Reuters14/03/2018 à 13:23
    * Une semaine brûlante d'actualité sociale
    * Les syndicats de la SNCF décideront jeudi d'une grève
unitaire
    * Manifestations de retraités et de travailleurs des Ehpad 
    * Les syndicats prêts à l'affrontement
    * Le gouvernement n'entend pas changer de cap

    PARIS, 14 mars (Reuters) - La CGT, la CFDT et FO ont exhorté
mercredi le gouvernement à changer de méthode et à rompre avec
"l'austérité" pour éviter un conflit social majeur alimenté par
la grogne montante chez les cheminots, les fonctionnaires et les
retraités.
    Mais à l'orée d'une semaine brûlante d'actualité sociale,
l'exécutif ne semble pas prêt à transiger, la plupart des
syndicalistes et des analystes écartant le spectre d'une grande
grève paralysante comme en 1995.  
    Le point de départ est la présentation ce mercredi du projet
de loi d'habilitation pour réformer la SNCF par ordonnances, qui
suscite une vive colère chez les cheminots. 

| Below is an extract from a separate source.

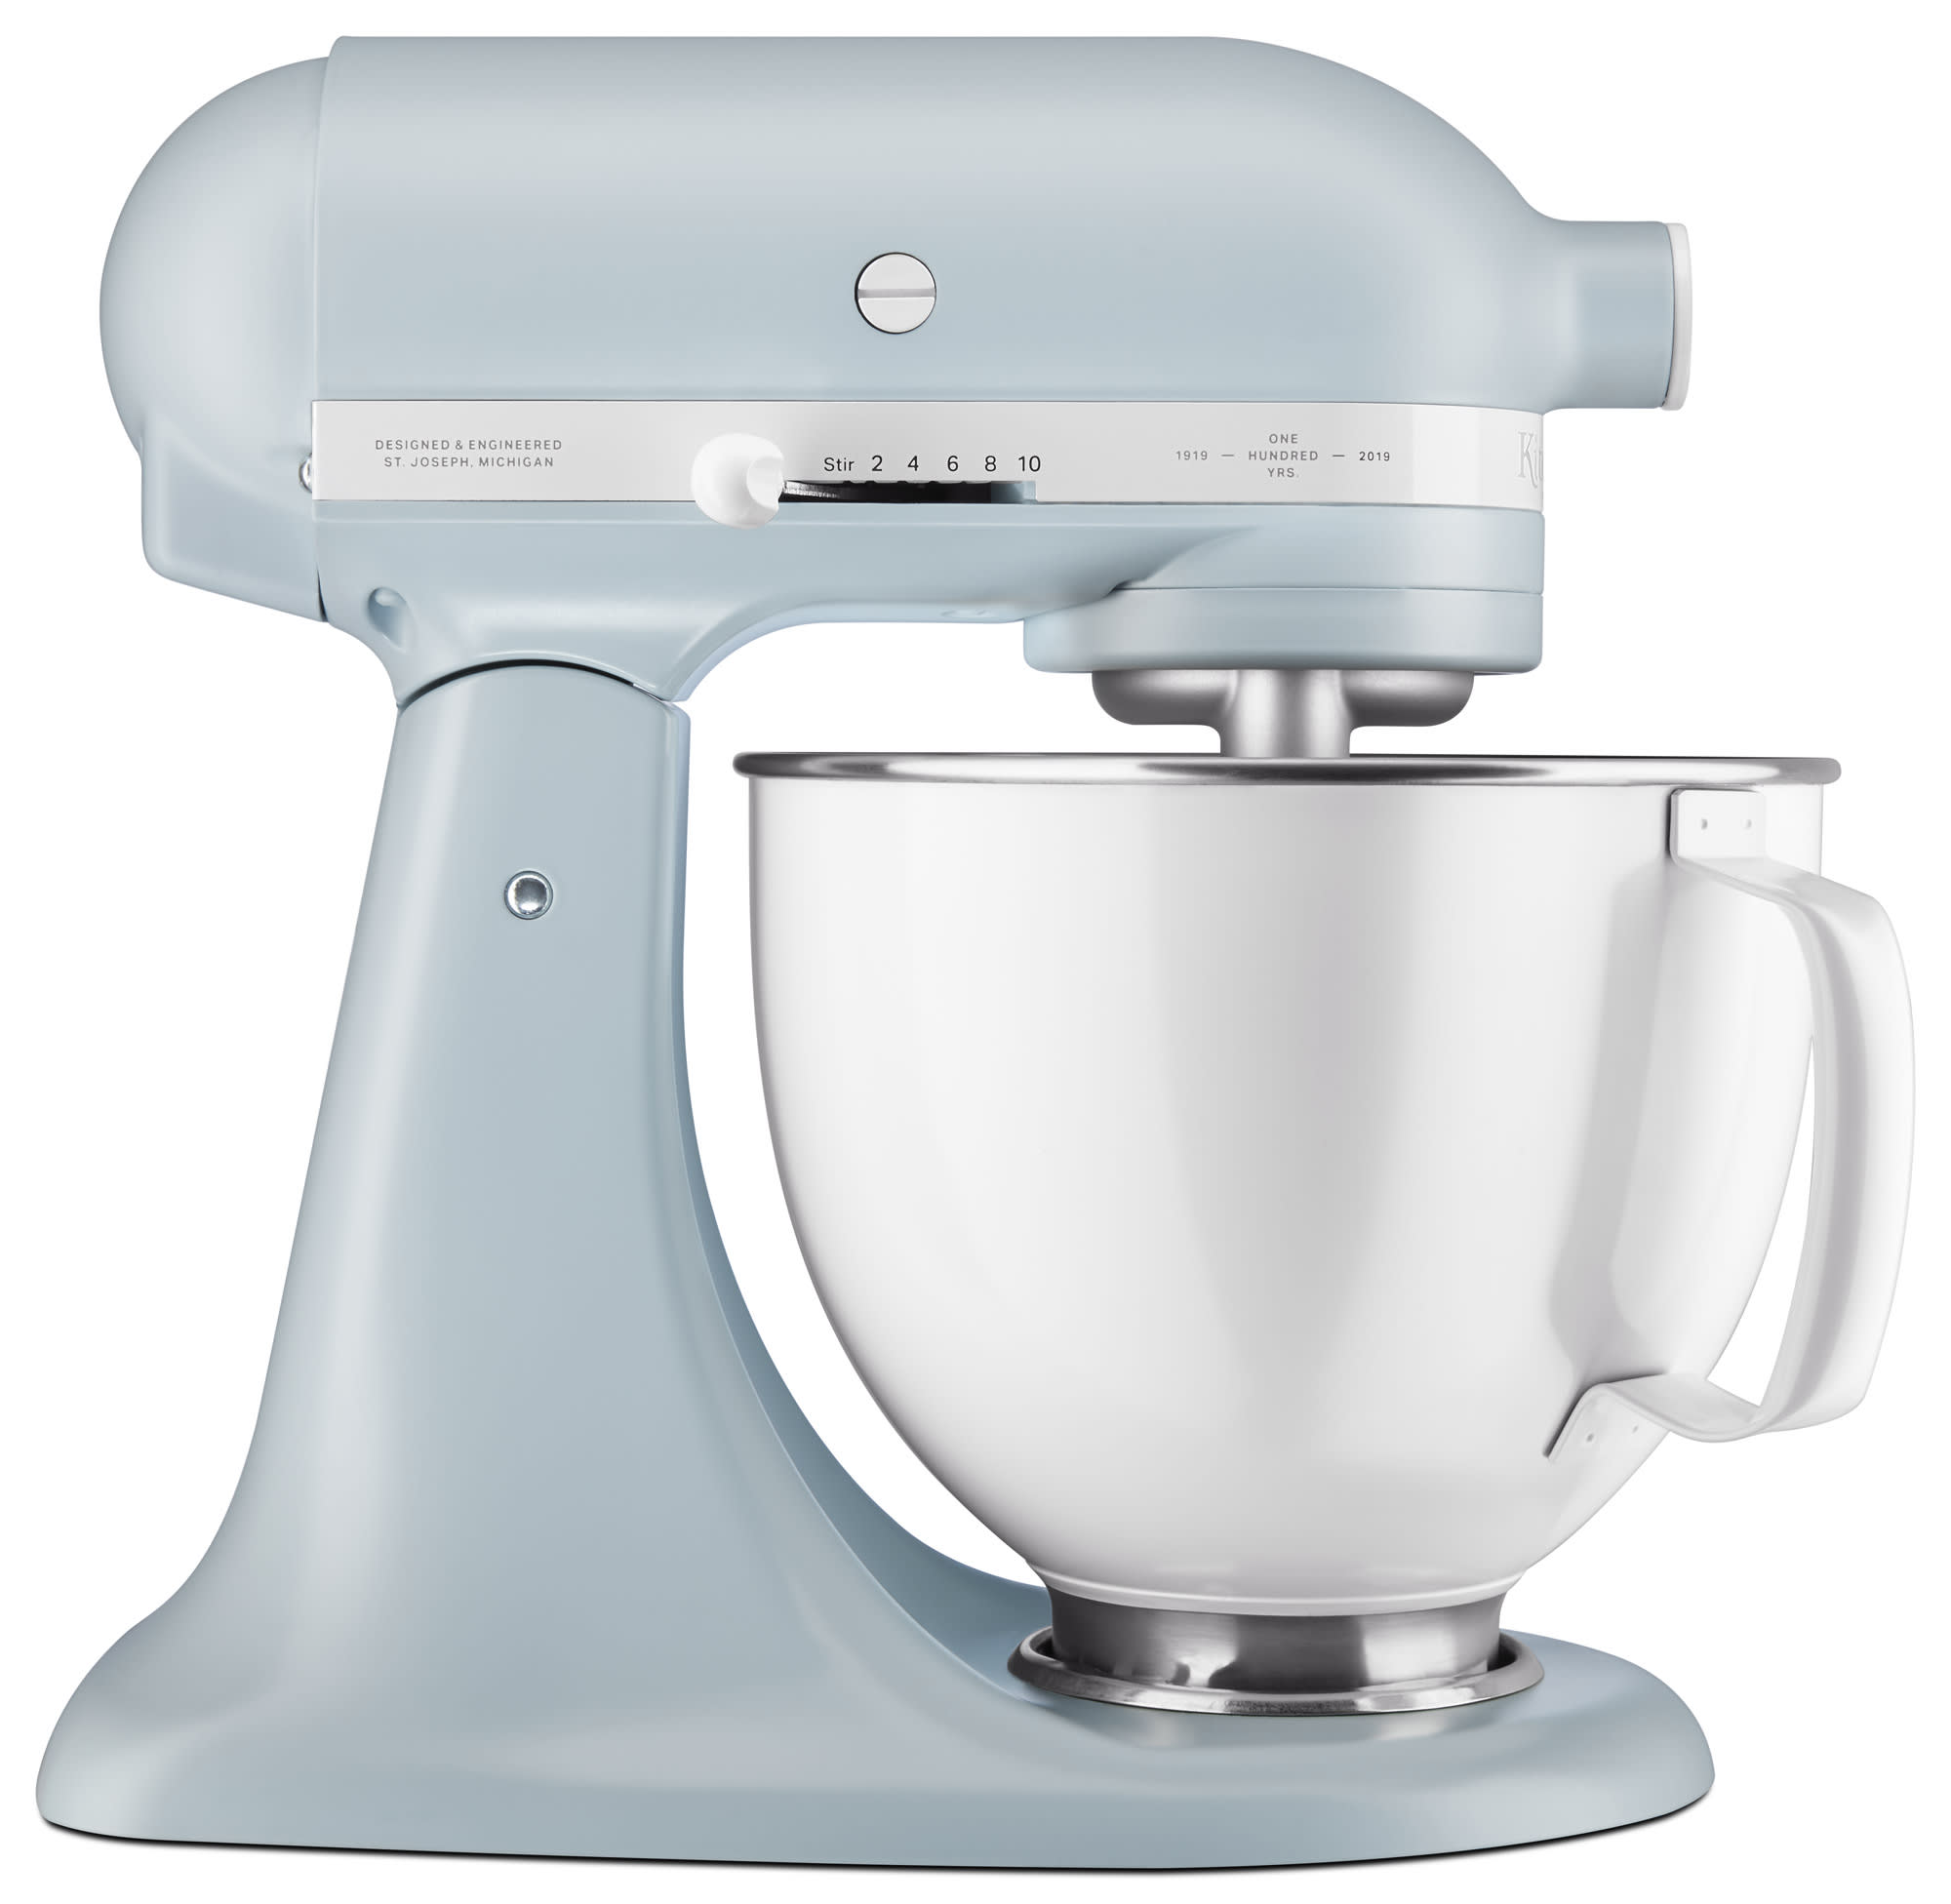 Premium AI Image  A blue kitchenaid mixer with a pink stand mixer on a  wooden table.

    Les quatre syndicats majoritaires de la SNCF - la
CGT-Cheminots, l'UNSA-ferroviaire, SUD-Rail et CFDT-Cheminots -
se rencontreront jeudi pour décider de la tenue d'un mouvement
de grève, unitaire ou non, et de son ampleur. Ils ont déjà
annoncé qu'ils manifesteraient à Paris le 22 mars aux côtés des
fonctionnaires.  
    Les retraités manifesteront pour leur part jeudi afin de
dénoncer la dégradation de leur niveau de vie à la suite de
l'augmentation de 1,7 point de la contribution sociale
généralisée (CSG) qui finance la baisse des cotisations des
salariés du privé.  
    Ils seront rejoints par les travailleurs des Ehpad
(établissements d'hébergement pour personnes âgées dépendantes)
qui réclament l'abrogation de la réforme de la tarification.
Cette mesure se traduira, selon eux, par une suppression massive
de postes et une prise en charge dégradée des résidents.
 
    "Les nuages s'amoncellent les 15 et 22 mars à la suite des
divers foyers allumés par le gouvernement", a prévenu le
secrétaire général de Force ouvrière, Jean-Claude Mailly, sur le
site internet de son organisation.
    "Ce sont bien les décisions des gouvernements au niveau
européen qui ont ouvert le rail (fret et voyageurs) à la
concurrence. C'est bien également la restriction budgétaire qui
pénalise le fonctionnement des Ehpad et l'augmentation de la CSG
qui attaque le pouvoir d'achat des retraités", a-t-il ajouté. 
    
    "LE CAMPS DU 'ON FOUT TOUT EN L'AIR'"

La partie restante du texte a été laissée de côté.